7. Il résulte de tout ce qui précède, sans qu'il soit besoin de se prononcer sur les autres moyens de la requête, que les requérants sont fondés à demander l'annulation de la décision attaquée.

Sur les conclusions à fin d'injonction sous astreinte :

8. Eu égard à ses motifs, le présent jugement implique nécessairement qu'il soit enjoint au ministre de l'intérieur et des outre-mer de faire délivrer à Mme A le visa de long séjour sollicité, dans un délai de deux mois à compter de sa notification. Il n'y a pas lieu d'assortir cette injonction d'une astreinte.

Sur les frais liés au litige :

9. M. A a obtenu le bénéfice de l'aide juridictionnelle.

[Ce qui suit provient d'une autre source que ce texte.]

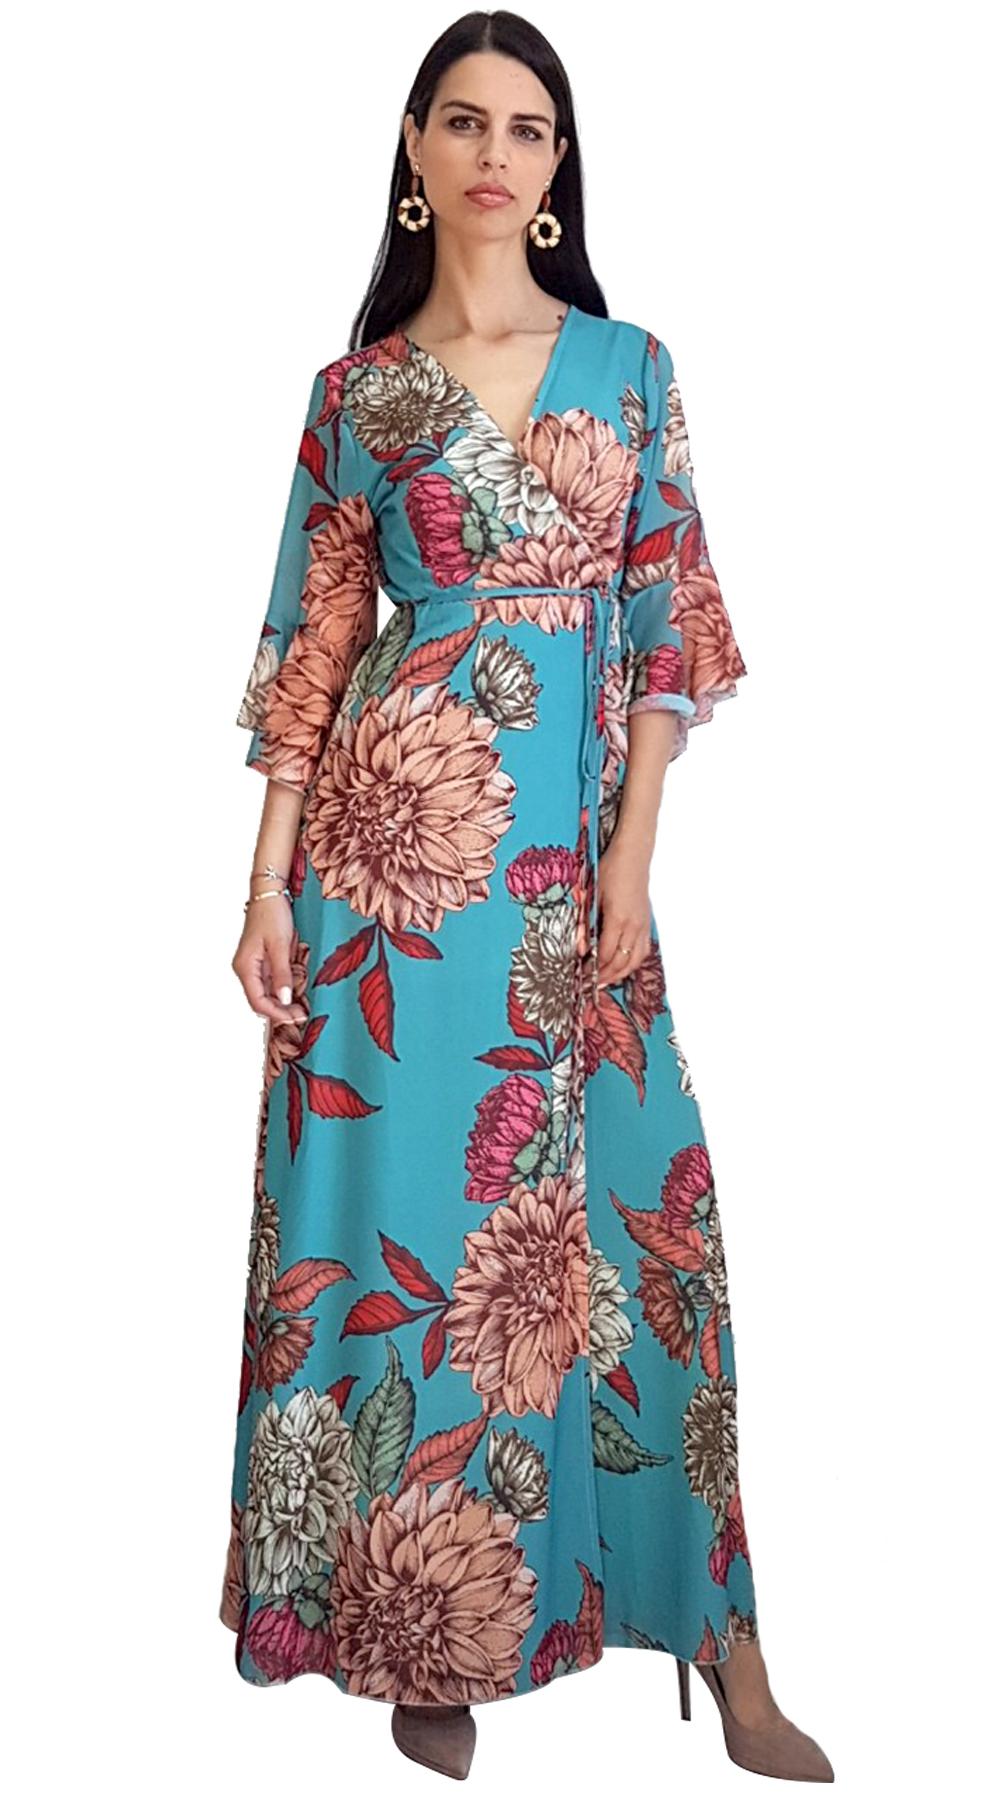 Floral Maxi Φόρεμα - MissReina - SP19AG-58559 φορέματα so girly
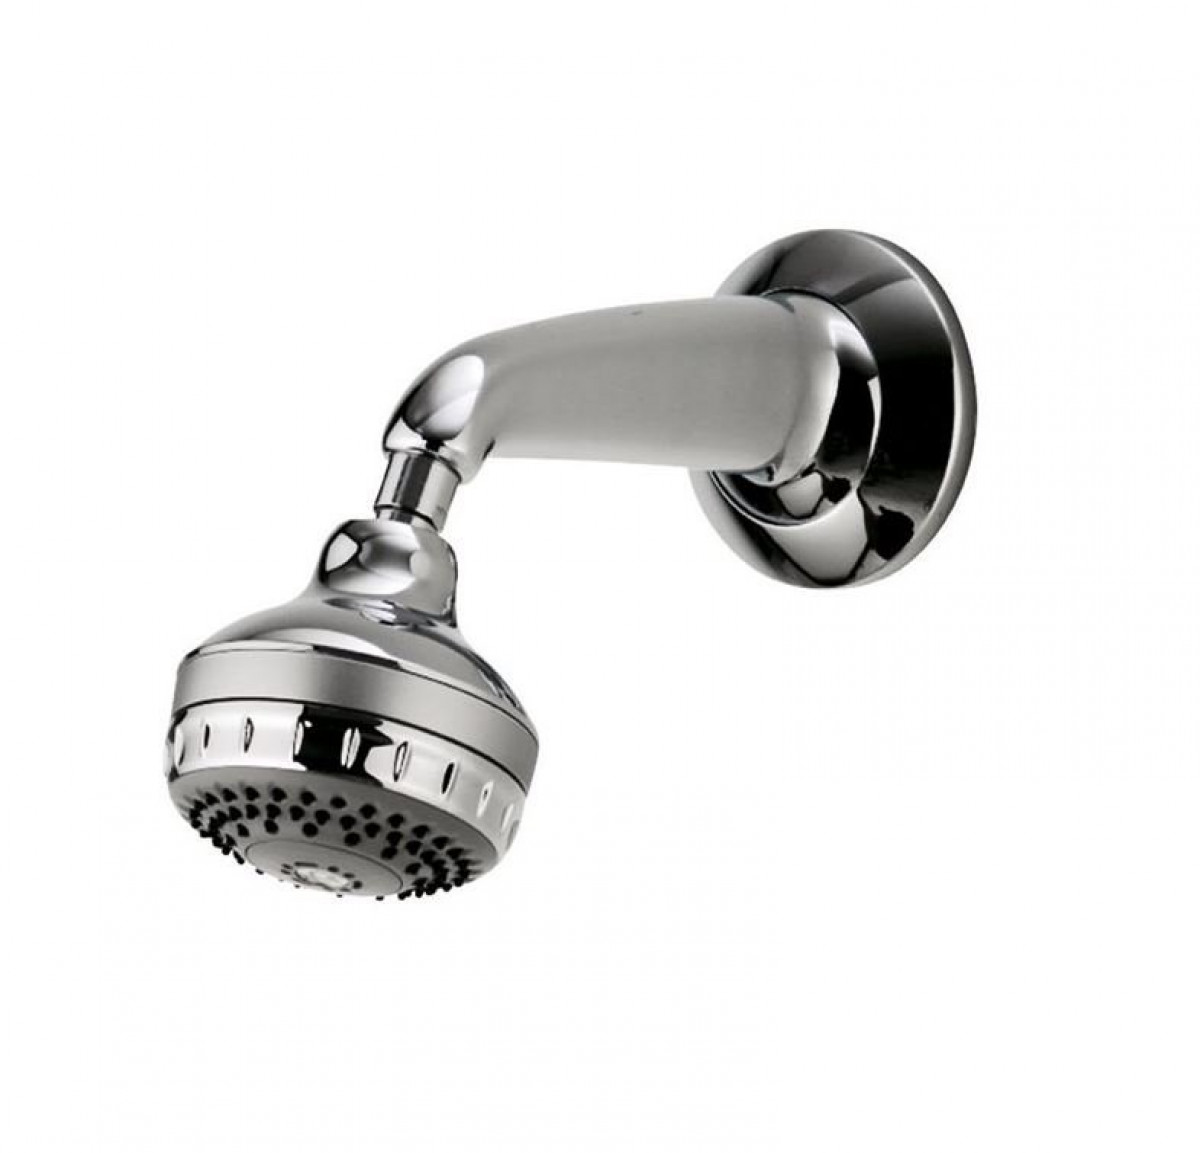 Aqualisa Aquamixa Thermo Bath Shower Mixer With Fixed Head

Par suite, son avocate peut se prévaloir des dispositions des articles L. 761-1 du code de justice administrative et 37 de la loi du 10 juillet 1991. Il y a lieu, dans les circonstances de l'espèce, de mettre à la charge de l'Etat la somme de 1 200 euros au titre de ces dispositions, sous réserve que Me Pronost renonce à percevoir la part contributive de l'Etat au titre de l'aide juridictionnelle.

D E C I D E :

Article 1er : La décision du 11 mai 2022 de la commission de recours contre les décisions de refus de visa d'entrée en France est annulée.

Article 2 : Il est enjoint au ministre de l'intérieur et des outre-mer de faire délivrer à Mme A le visa de long séjour sollicité, dans un délai de deux mois à compter de la notification du présent jugement.

Article 3 : L'Etat versera à Me Pronost la somme de 1 200 euros au titre des dispositions combinées de l'article L. 761-1 du code de justice administrative et de l'article 37 de la loi du 10 juillet 1991, sous réserve qu'elle renonce à percevoir la part contributive de l'Etat au titre de l'aide juridictionnelle.

Article 4 : Le surplus des conclusions de la requête est rejeté.

Article 5 : Le présent jugement sera notifié à M. B A, Mme D A, au ministre de l'intérieur et des outre-mer et à Me Pronost.

Délibéré après l'audience du 6 mars 2023, à laquelle siégeaient :

Mme Rimeu, présidente,

Mme Louazel, conseillère,

M. Tavernier, conseiller.

Rendu public par mise à disposition au greffe le 27 mars 2023.

Le rapporteur,

T. C

La présidente,

S. RIMEULa greffière,

S. JEGO

La République mande et ordonne au ministre de l'intérieur et des outre-mer en ce qui le concerne ou à tous commissaires de justice à ce requis en ce qui concerne les voies de droit commun contre les parties privées, de pourvoir à l'exécution de la présente décision.